» **Directions**
Once the pictures are set aside, transcribe the remaining data exactly.
++++ Dataset content
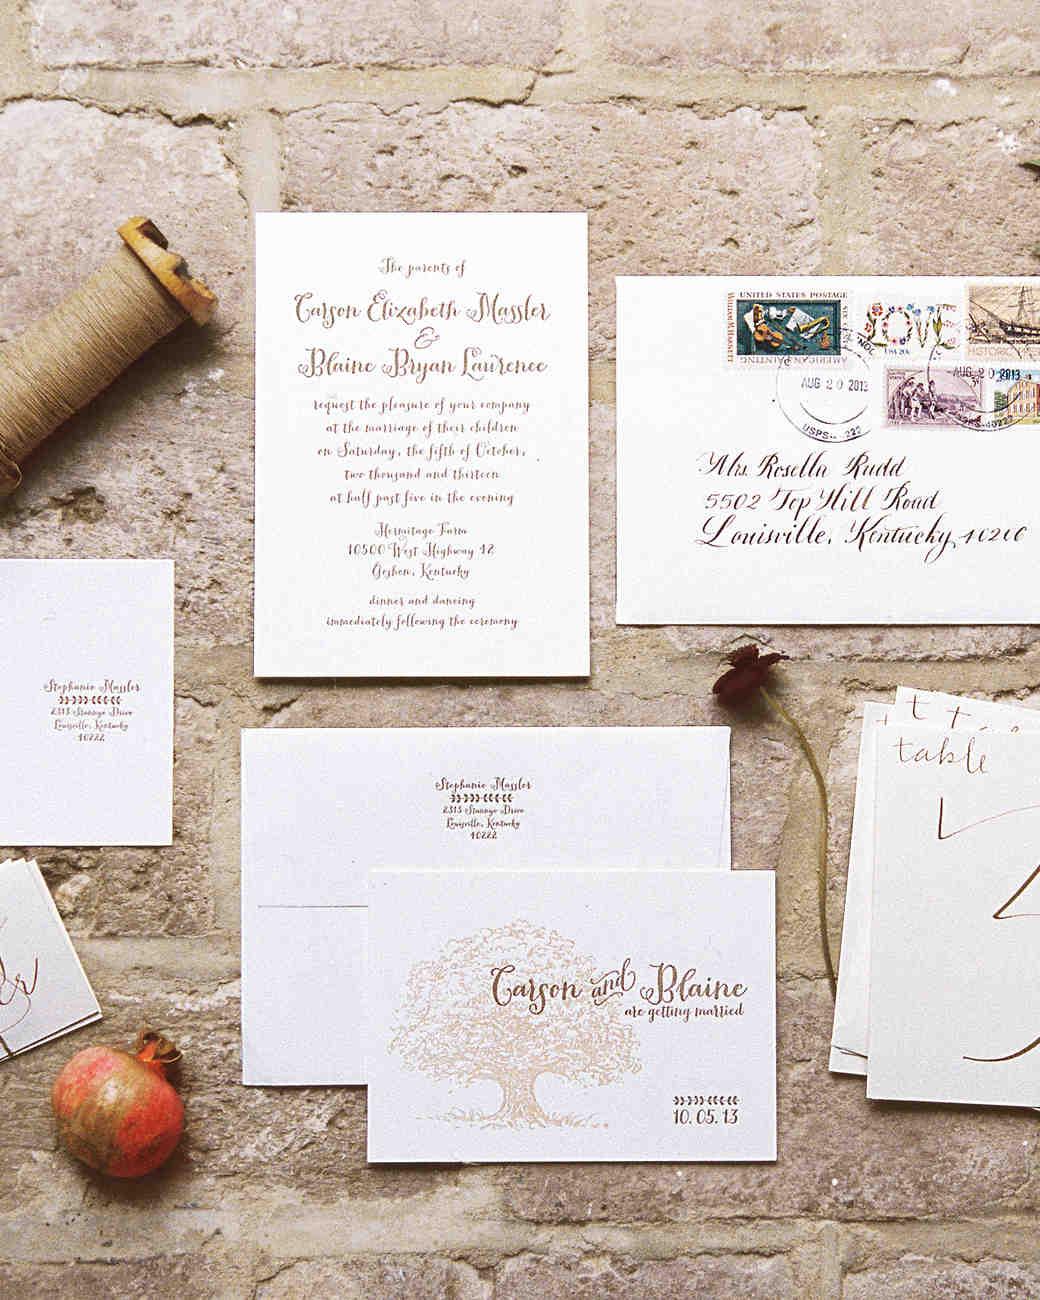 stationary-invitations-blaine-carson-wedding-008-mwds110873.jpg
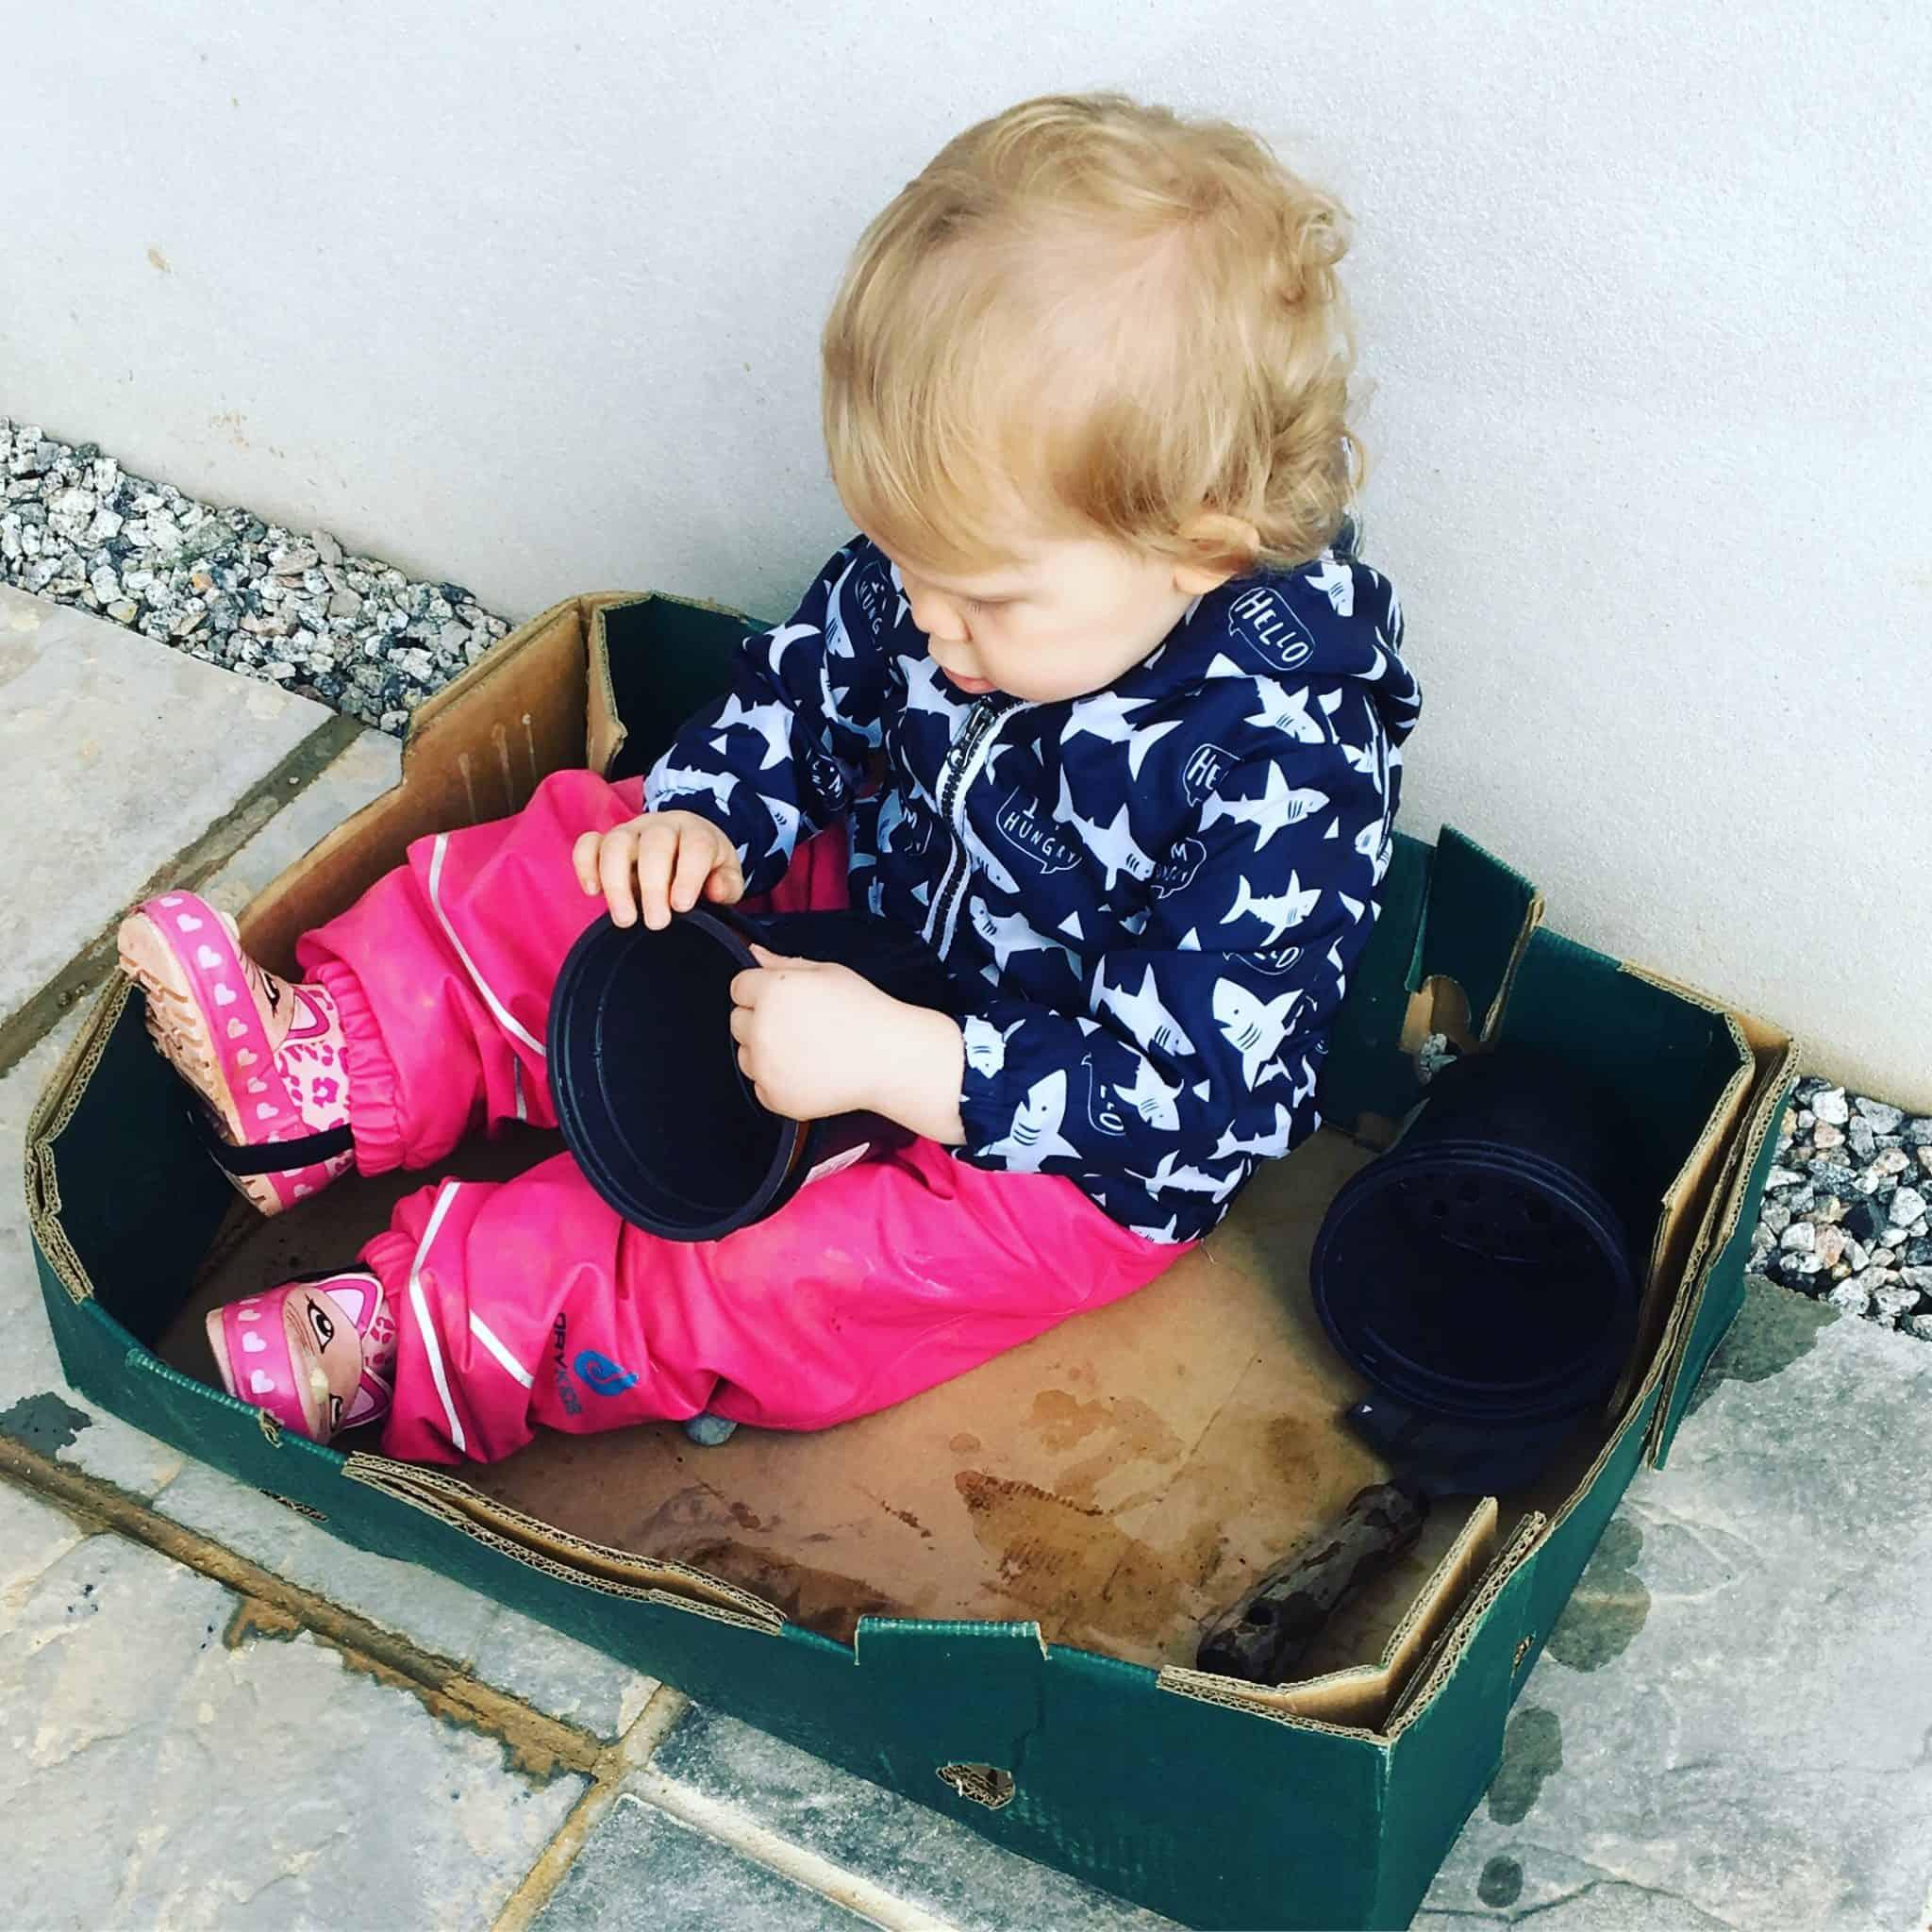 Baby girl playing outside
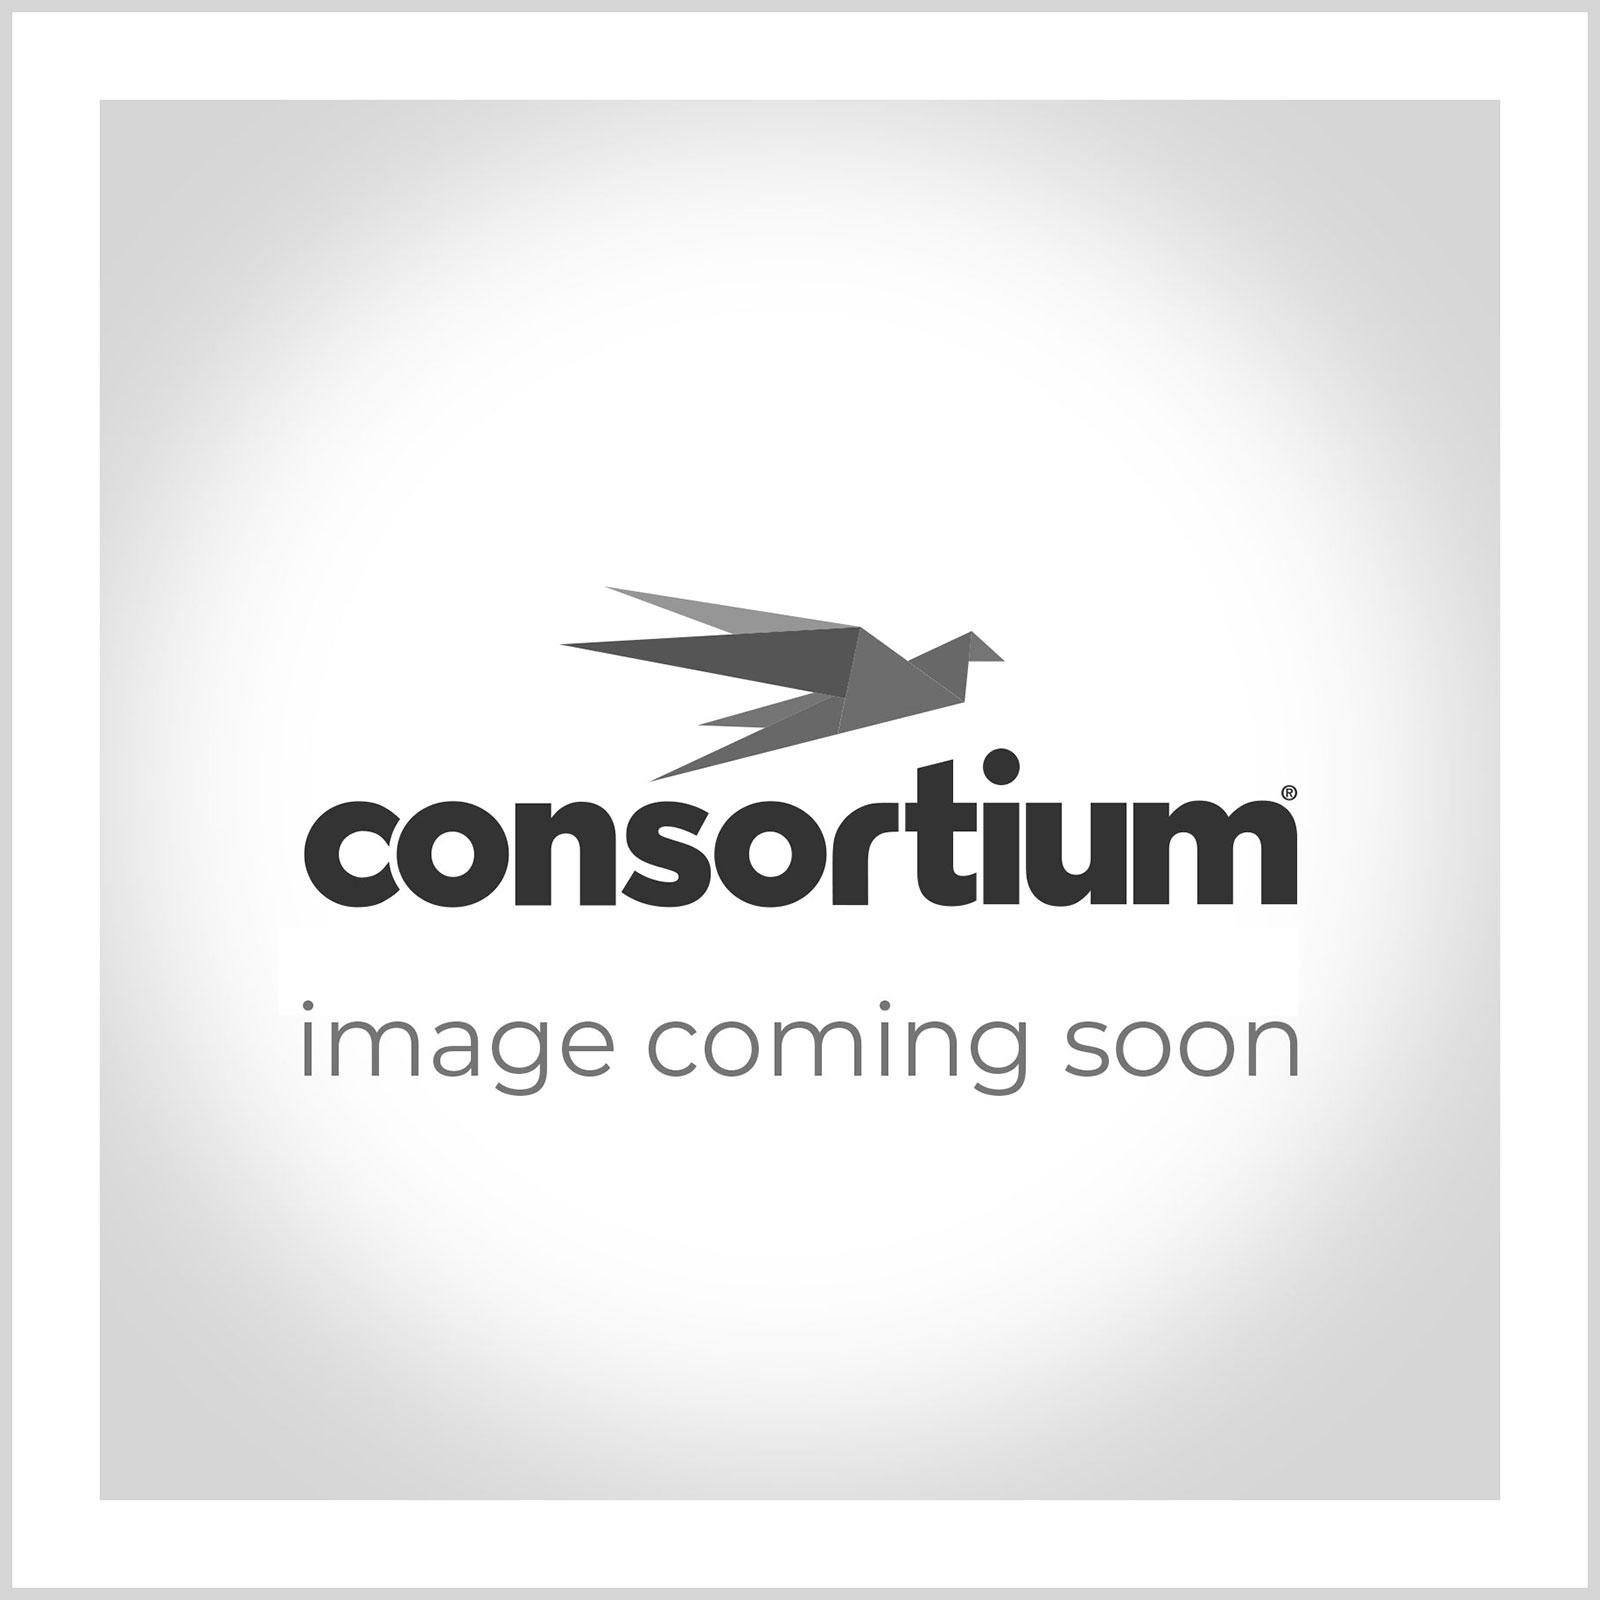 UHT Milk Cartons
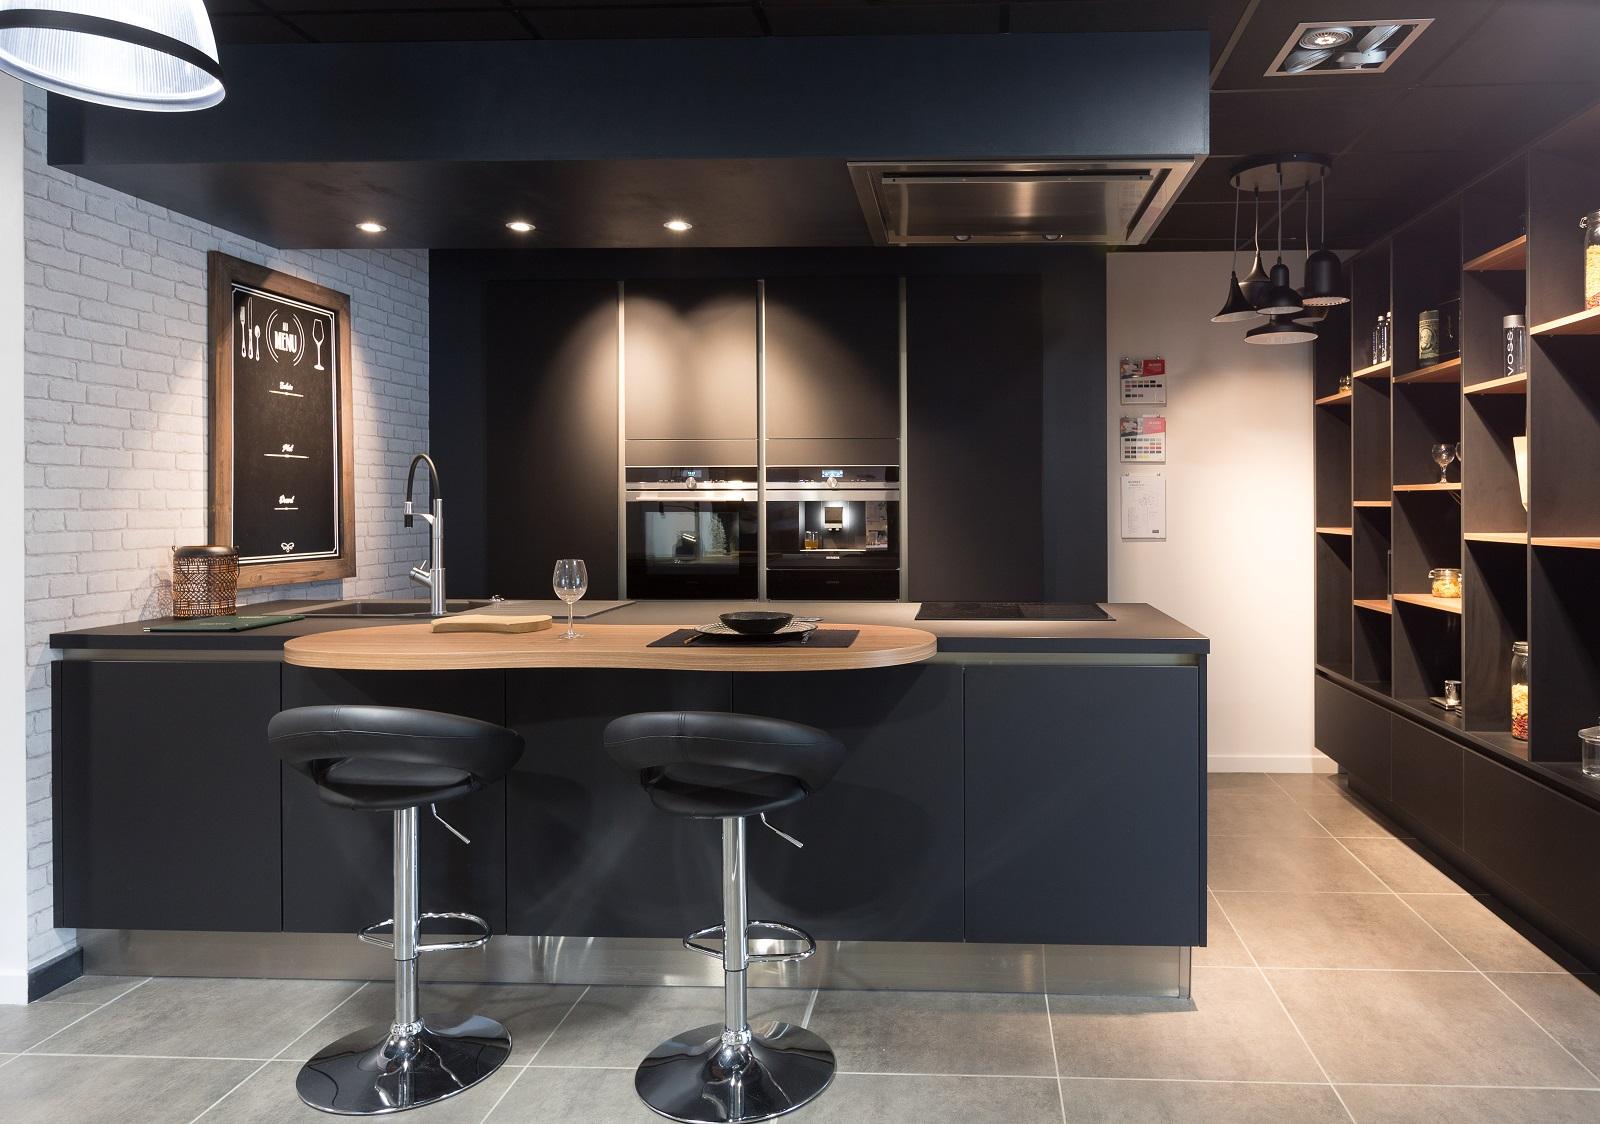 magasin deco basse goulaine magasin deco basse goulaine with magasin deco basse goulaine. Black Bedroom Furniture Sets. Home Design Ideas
++++++++
» **Result of this task**
 stationary-invitations-blaine-carson-wedding-008-mwds110873.jpg
 Baby girl playing outside
 UHT Milk Cartons
 magasin deco basse goulaine magasin deco basse goulaine with magasin deco basse goulaine. Black Bedroom Furniture Sets. Home Design Ideas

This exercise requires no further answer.